Old Rafting Chant
Old Time Tales of Warren County


Old Rafting Chant

Thus drifting to sea on a white hick of pine,
For grub and the wages we're paid,
The scoffers who rail as we buffet the brine
May see us in sun or in shade;
But true to our course, though weather be thick,
We set our broad sail as before,
And stand by the tiller that governs the hick,
Nor care how we look from the shore.

Many of the songs sung on Warren County's rafts were brought in from a distance. Here is one that came from. Wisconsin.
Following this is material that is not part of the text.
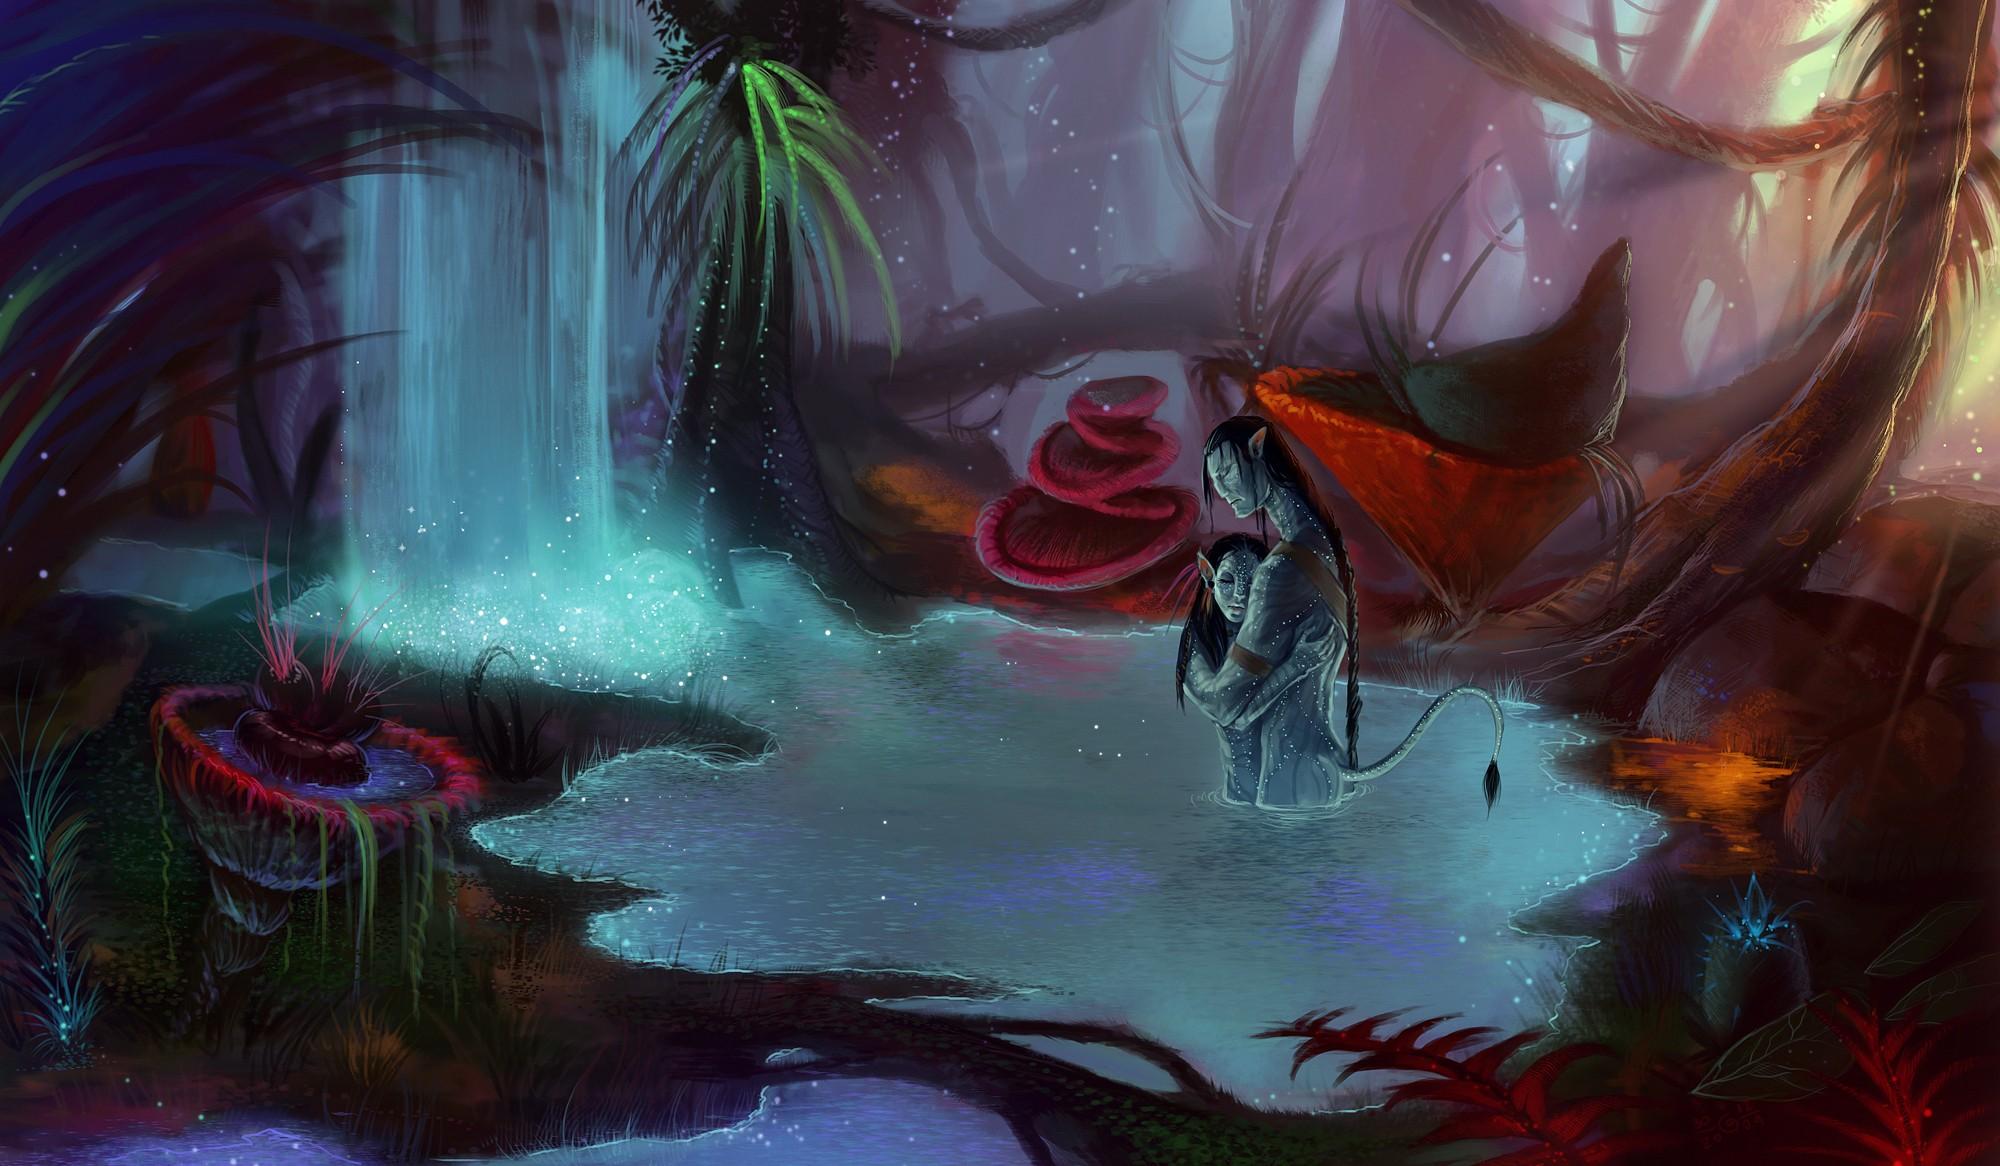 Fondos De Pantalla Dibujo Pintura Anime Avatar Pandora

Few of the songs had such a well connected story as this.

The Big Eau Clair

Come, all you jolly lumbermen, come listen to my song,
Just for a few short moments, I won't detain you long.
Concerning a young damsel, a lady young and fair,
Who dearly loved her shanty boy upon the big Eau Claire.
This young and thoughtless maiden was of a high degree;
Her mother kept a milliner shop in the town of Mosinee.
Sold waterfalls and ribbons and bonnets trimmed with lace
To all the gay young ladies that lived around the place.
The shanty boy was handsome, there was none so gay as he;
In summer time he tail-sawed in the mill at Mosinee;
And when the winter came around, with its cold, chilly breeze,
He worked upon the big Eau Claire, a-cutting down the trees.
He had a handsome black mustache, a curly head of hair;
A handsomer man there couldn't be found upon the big Eau Claire.
He loved the milliner's daughter, he loved her long and well.
But circumstances being so, the truth to you I'll tell.
The milliner said the shanty boy and her daughter ne'er should wed,
But Sally did not care a darn for what her mother said.
So they packed their millinery all away, and bonnets by the stack
And set up another shop 'way down in Fon du Lac.
Now, Sally was broken-hearted and sometimes tired of life;
She talked about her shanty boy and longed to be his wife.
Arid when brown autumn came around and ripened all the crops,
She went 'way down to Baraboo, and went to picking hops.
She got the scarlet fever, lay sick a week or two,
In a drummer's pest house in the town of Baraboo;
And ofttimes in her ravings she tore her auburn hair,
And talked about her shanty boy upon the big Eau Claire.
The doctors tried, but all in vain, her life they could not save;
And now the weeping willow is bending o'er her grave.
When the shanty boy heard this sad news, he became a lunatic;
He acted just like any young man when he becomes love-sick.
He hid his saw in a hollow log, and traded off his axe,
And hired as sucker on a fleet, along with sailor Jack.
He fell off from the rapids-piece, the falls at Mosinee,
Which put an end to all his grief and his sad misery.
The bold Wisconsin river is rushing o'er his bones,
His comrades are the catfish, his grave a pile of stones.
The milliner is bankrupt now, her stock is gone to rack;
She talks of moving some fine time away from Fon du Lac.
Her pillow is haunted every night by the ghost of her daughter fair,
And by the ghost of the shanty boy from off the big Eau Claire.